## [Required work]
The reply is to be an exact repetition of the entries that follow, with each picture left out.
(Beginning of Given information)
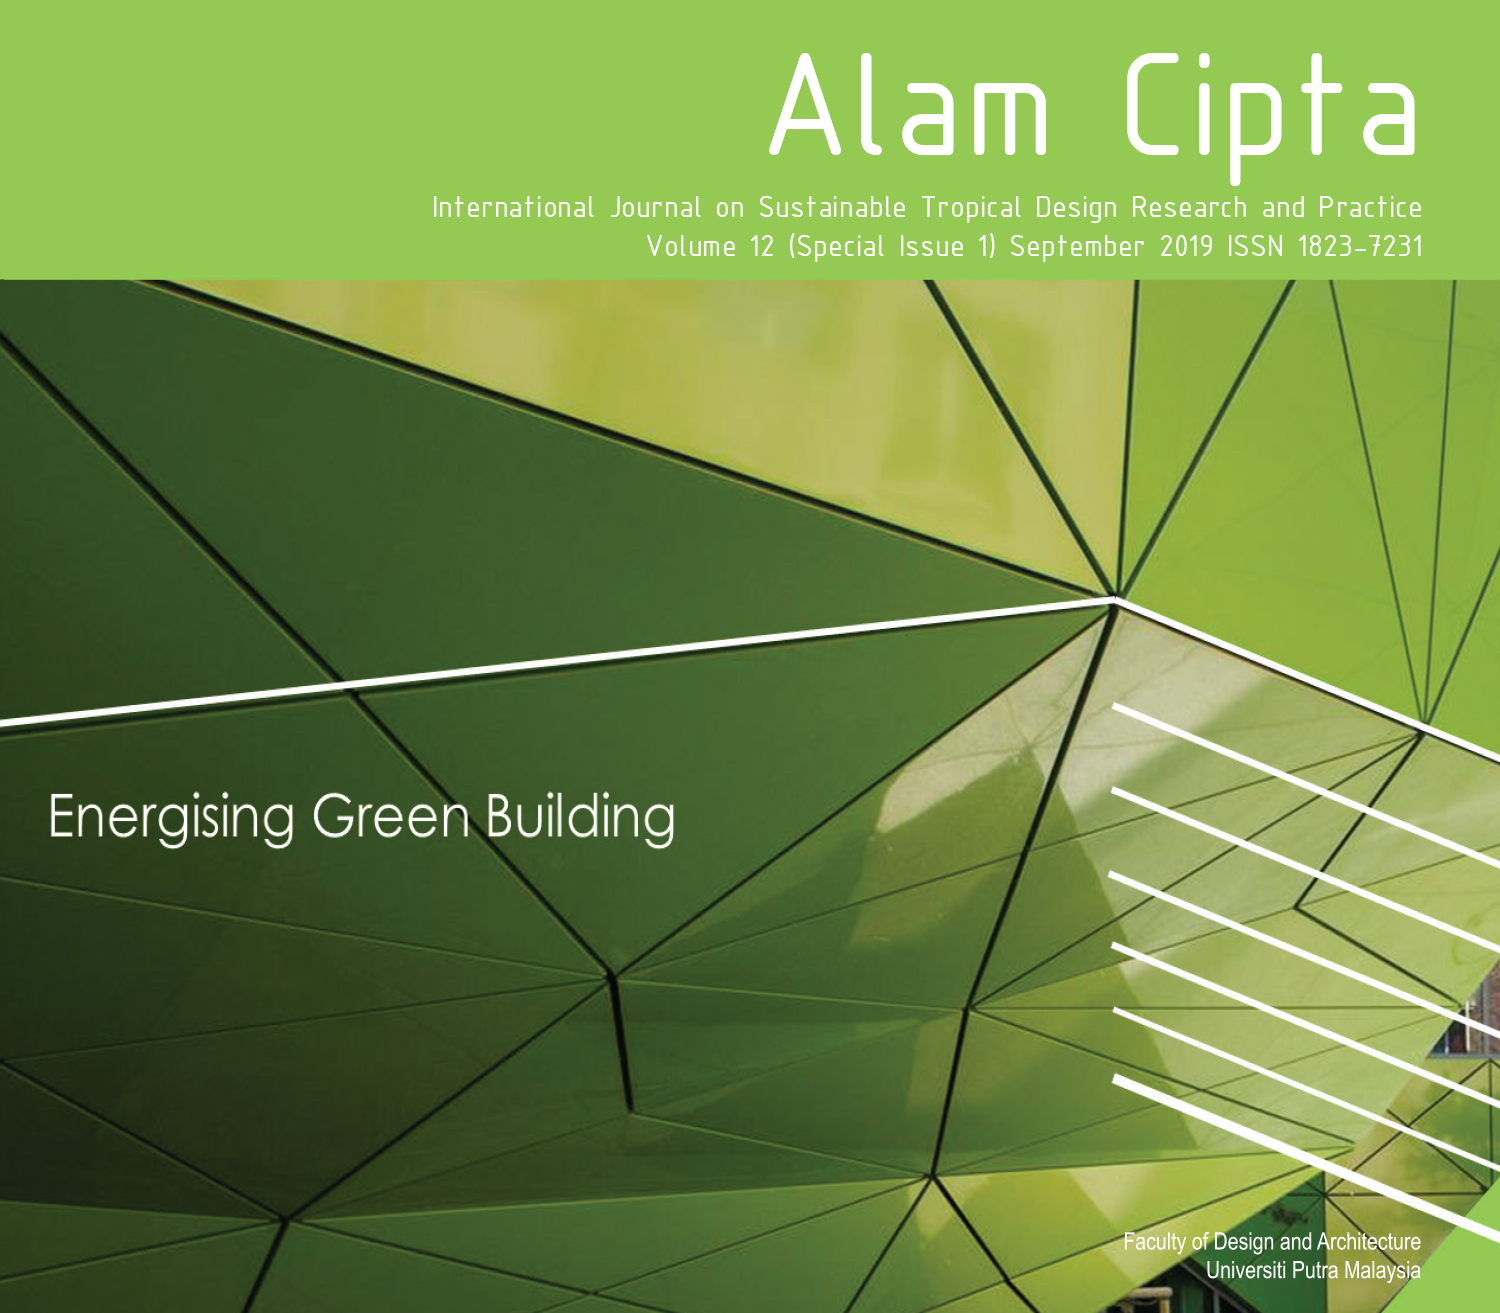 ALAM CIPTA  Vol 12 (Special Issue 1) Sept 2019: Energising Green Building  
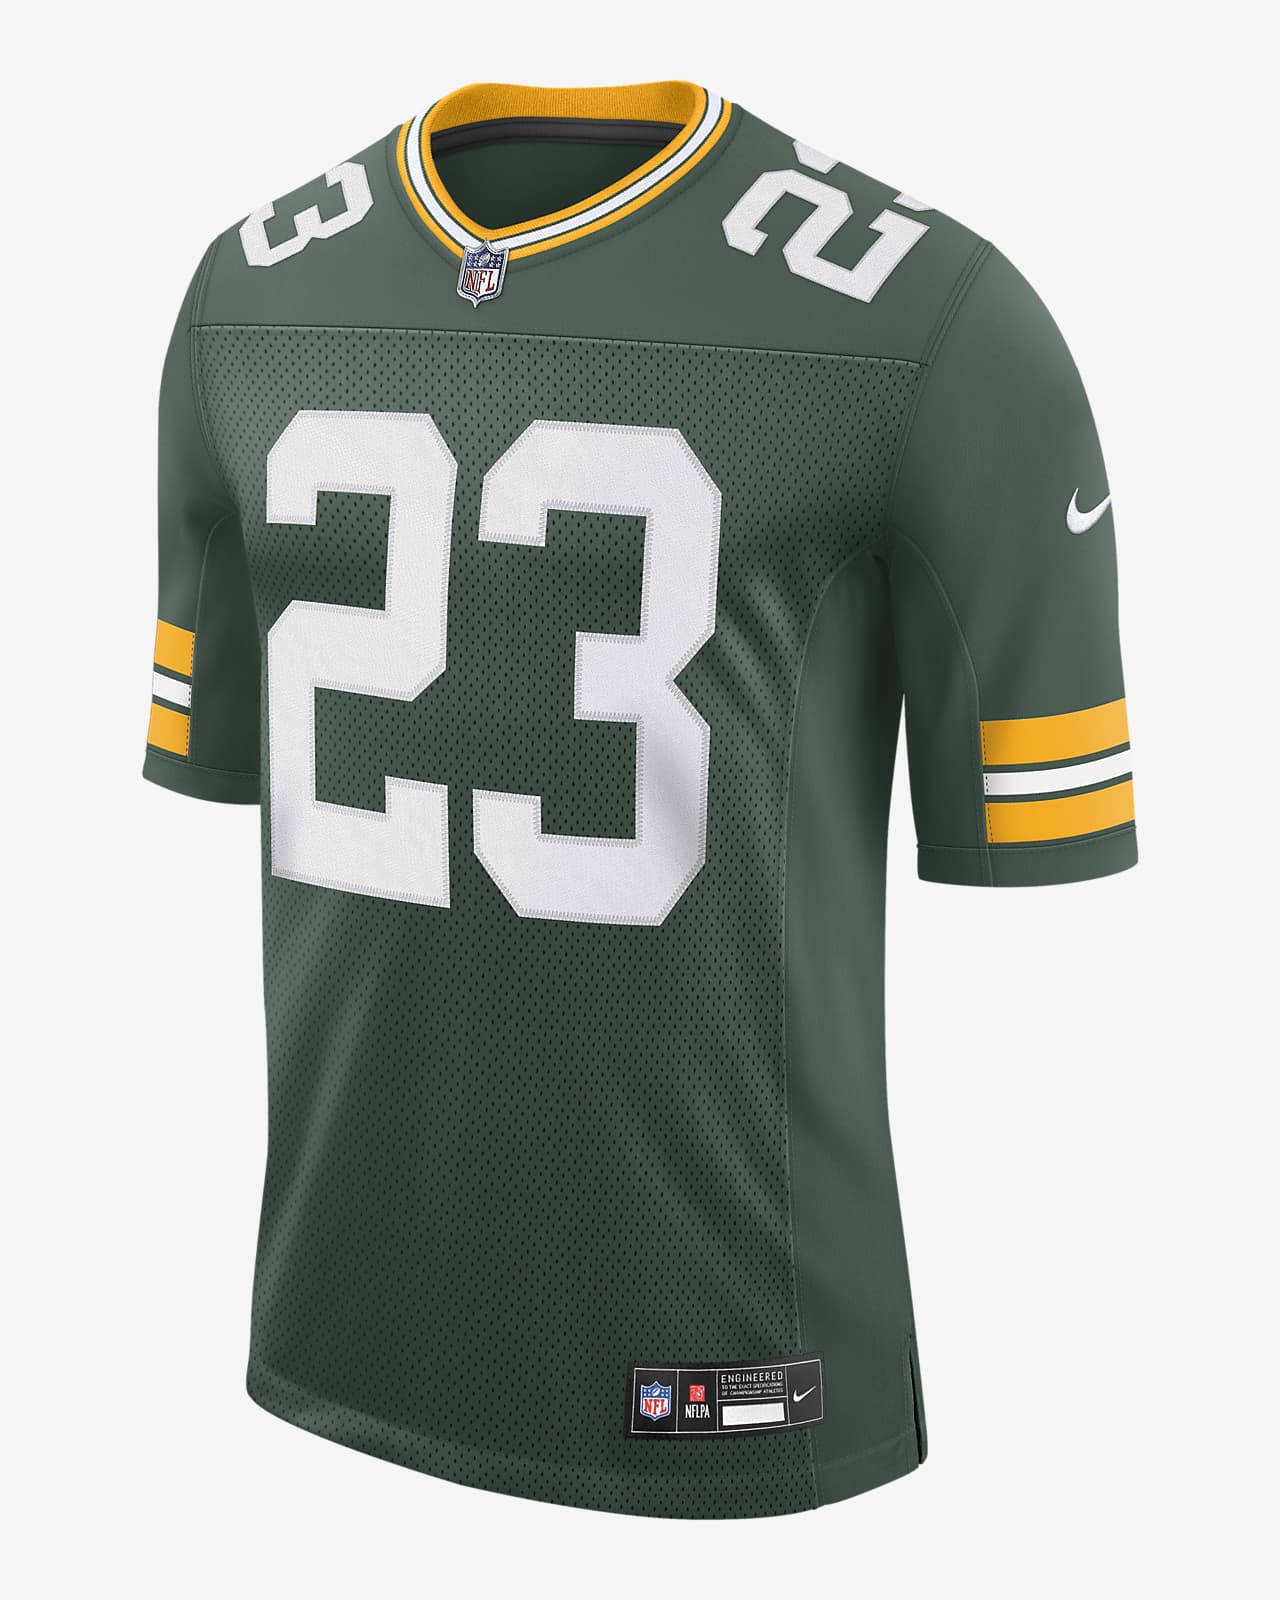 Jersey Nike Dri-FIT de la NFL Limited para hombre Jaire Alexander Green Bay Packers
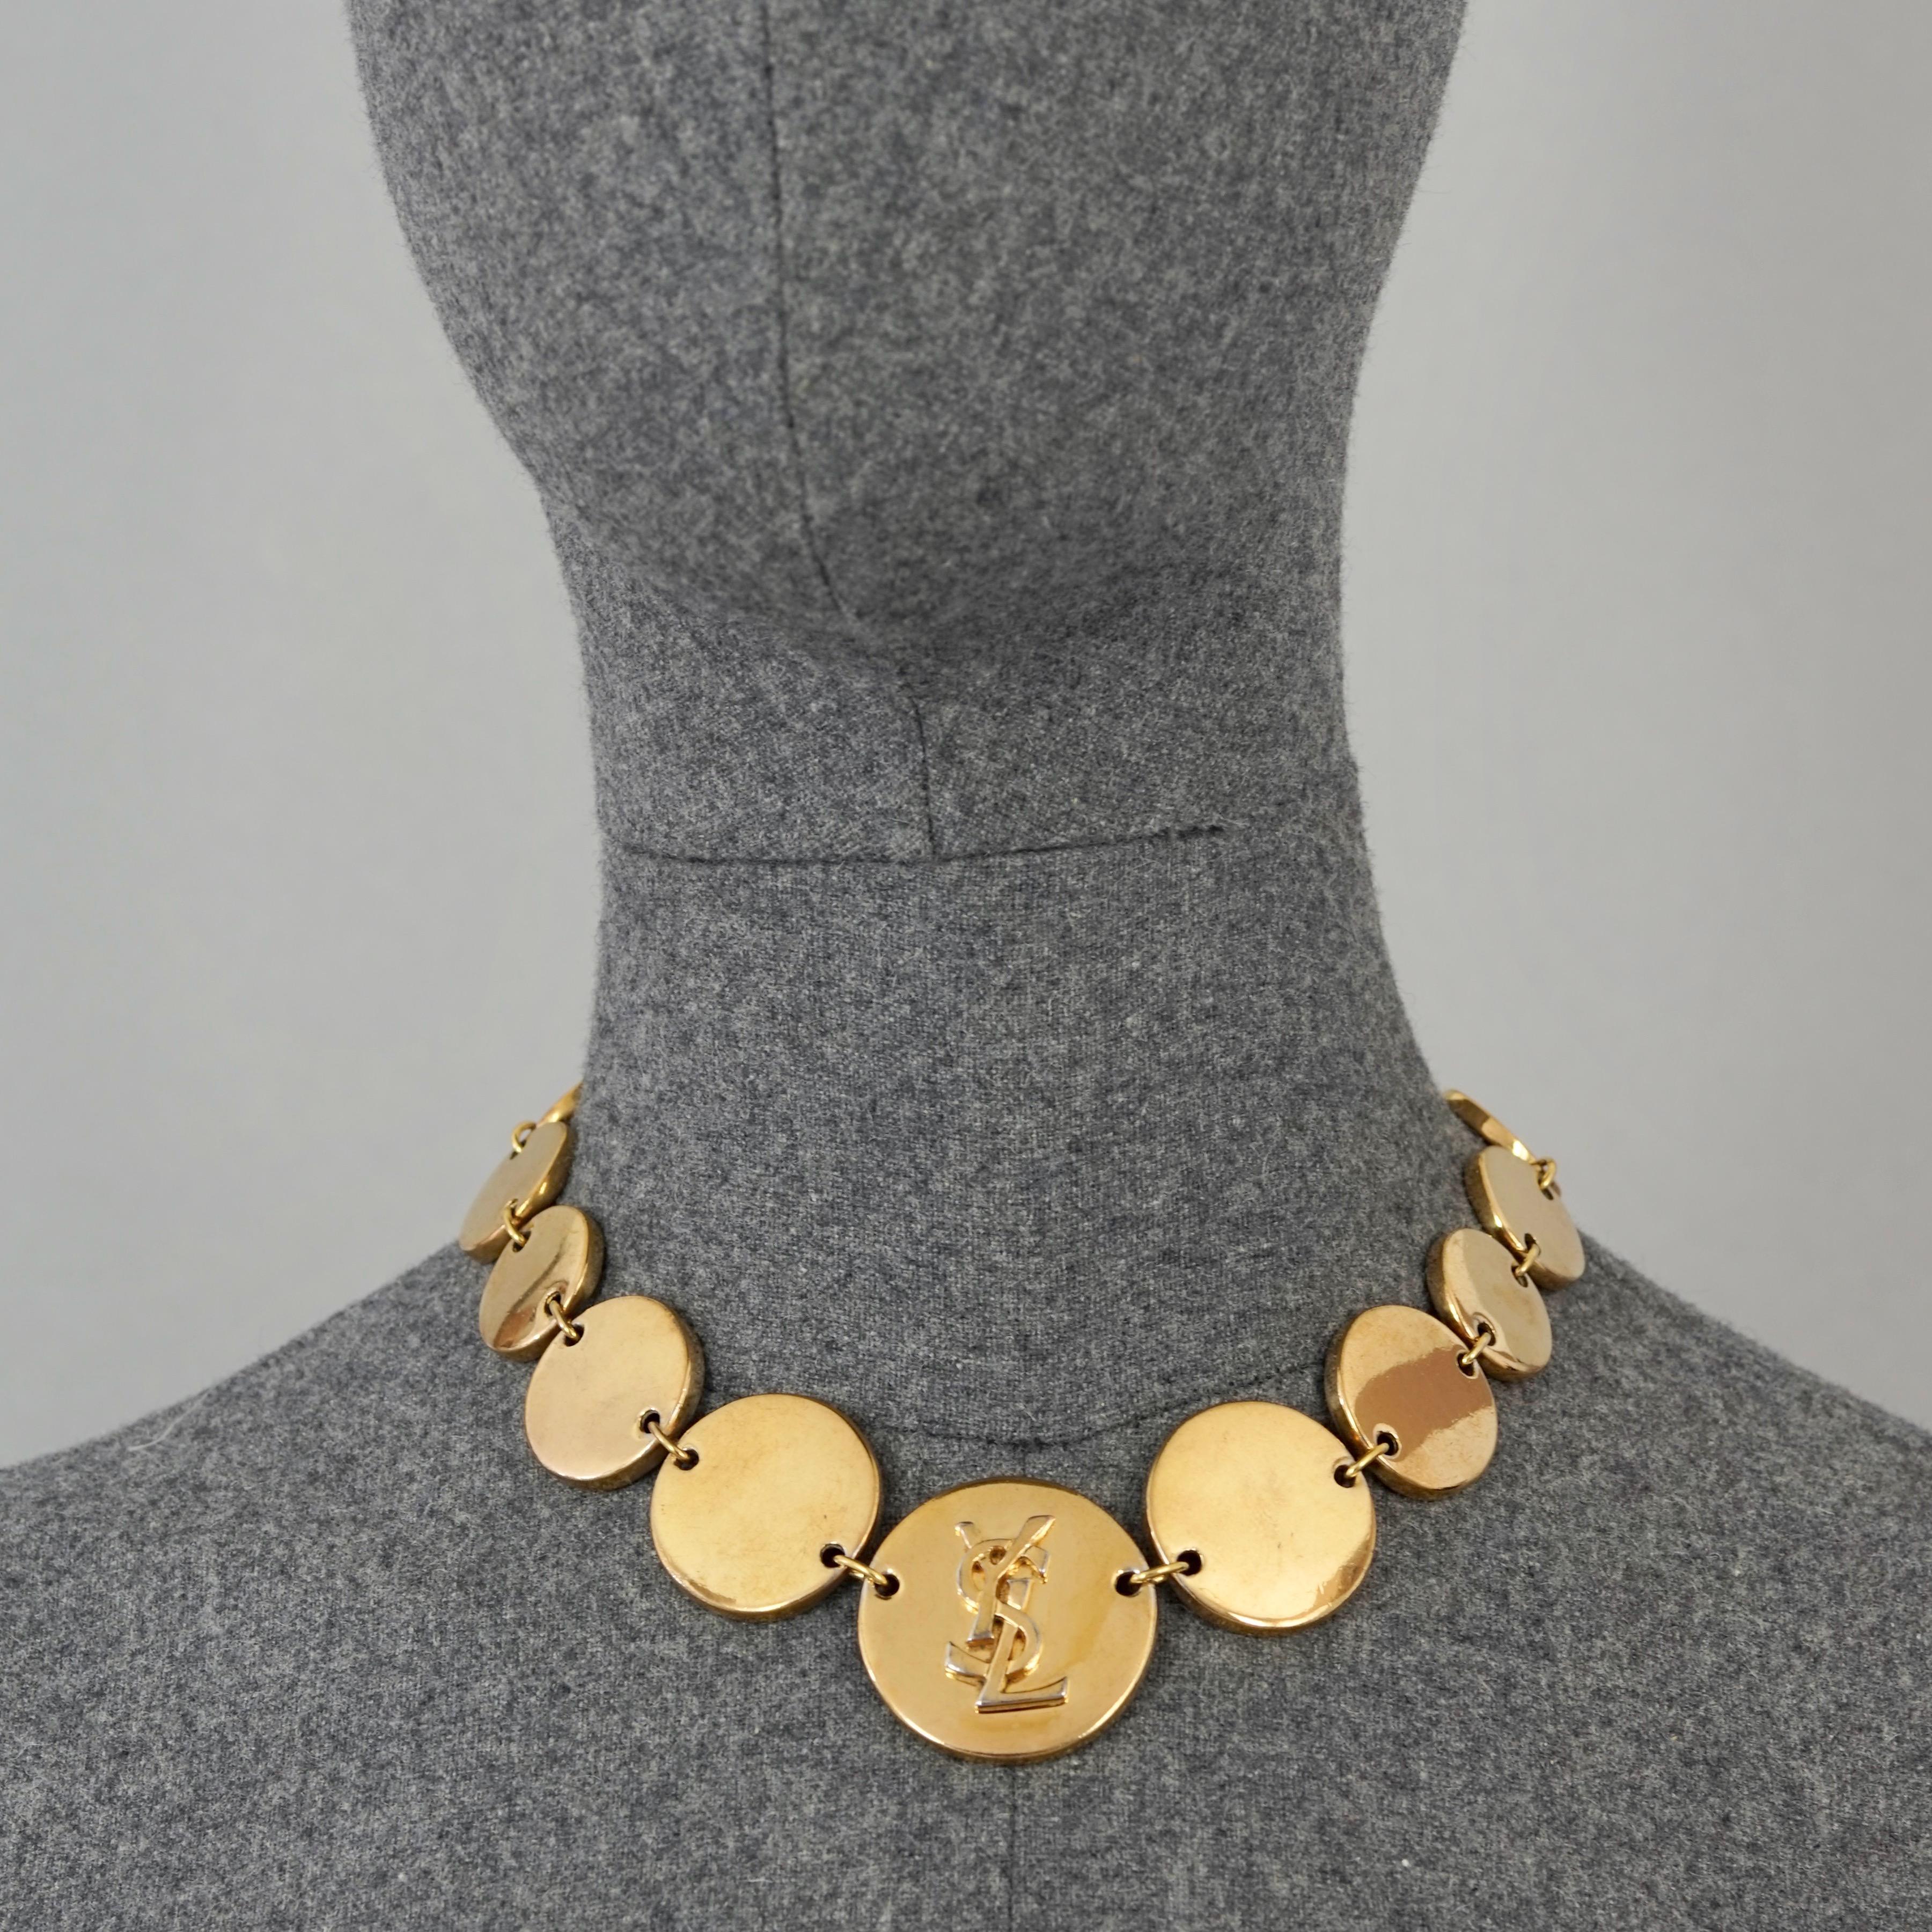 Vintage YVES SAINT LAURENT Ysl Logo Medalion Link Necklace

Measurements:
Height: 1.42 inches (3.6 cm)
Width: 16.53 inches (42 cm) to 18.50 inches (47 cm)

Features:
- 100% Authentic YVES SAINT LAURENT.
- Disc medallion link necklace with embossed
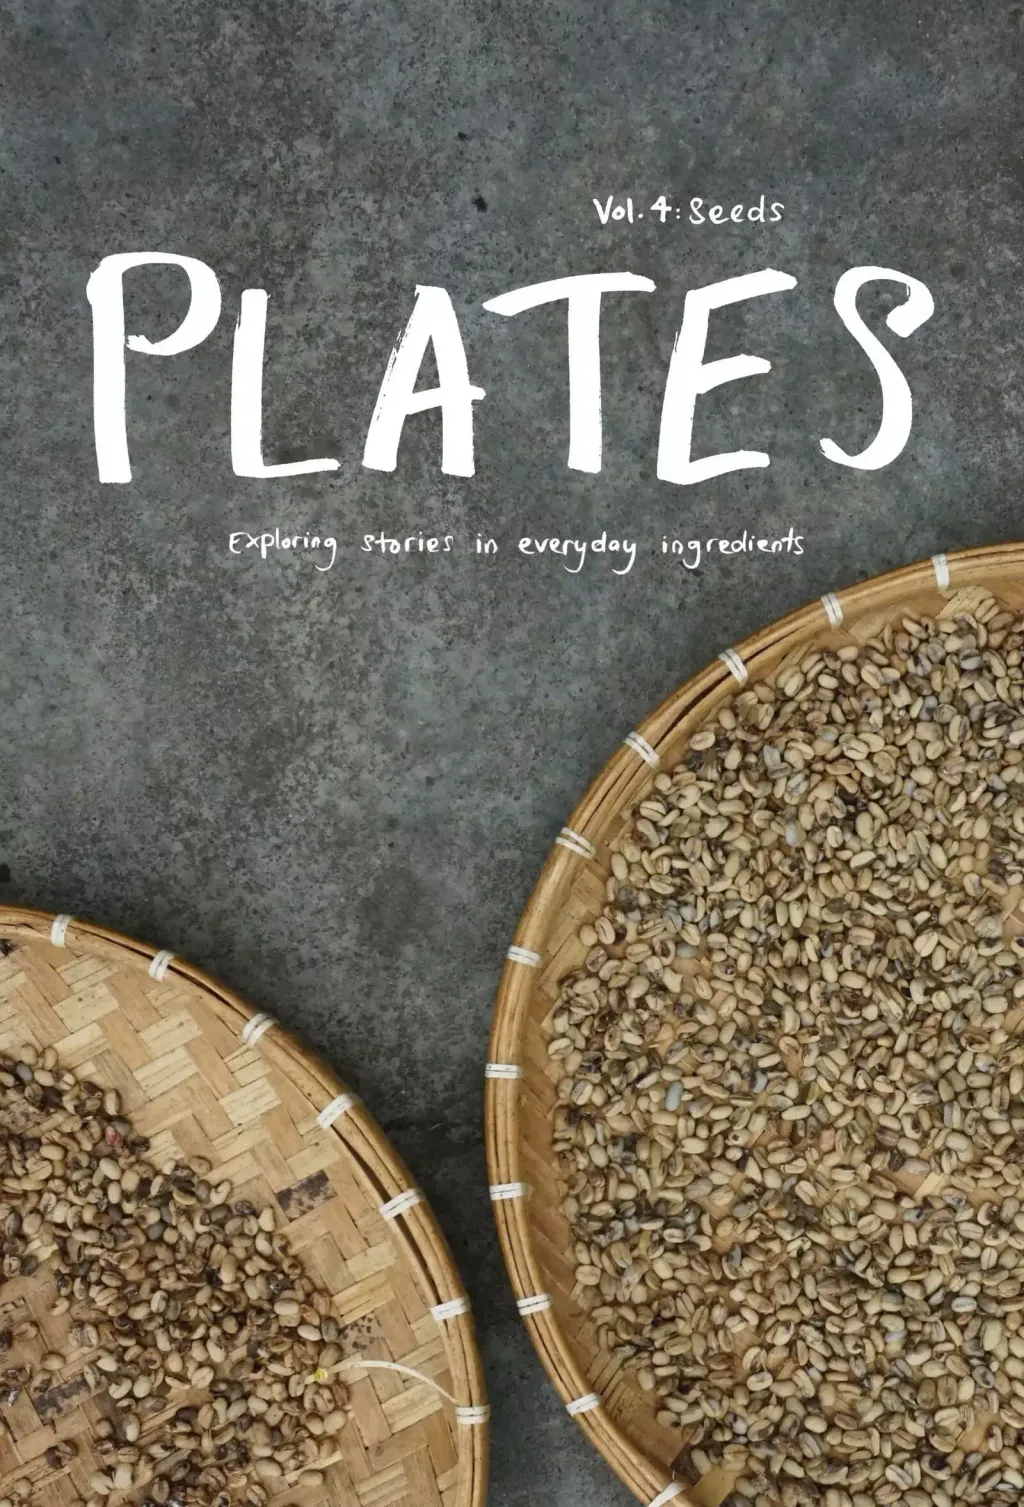 plates-magazine-volume-4-seeds-buy-online
(End of Given information)
## [Your solution]
 ALAM CIPTA  Vol 12 (Special Issue 1) Sept 2019: Energising Green Building  
 Jersey Nike Dri-FIT de la NFL Limited para hombre Jaire Alexander Green Bay Packers
 Vintage YVES SAINT LAURENT Ysl Logo Medalion Link Necklace

Measurements:
Height: 1.42 inches (3.6 cm)
Width: 16.53 inches (42 cm) to 18.50 inches (47 cm)

Features:
- 100% Authentic YVES SAINT LAURENT.
- Disc medallion link necklace with embossed
 plates-magazine-volume-4-seeds-buy-online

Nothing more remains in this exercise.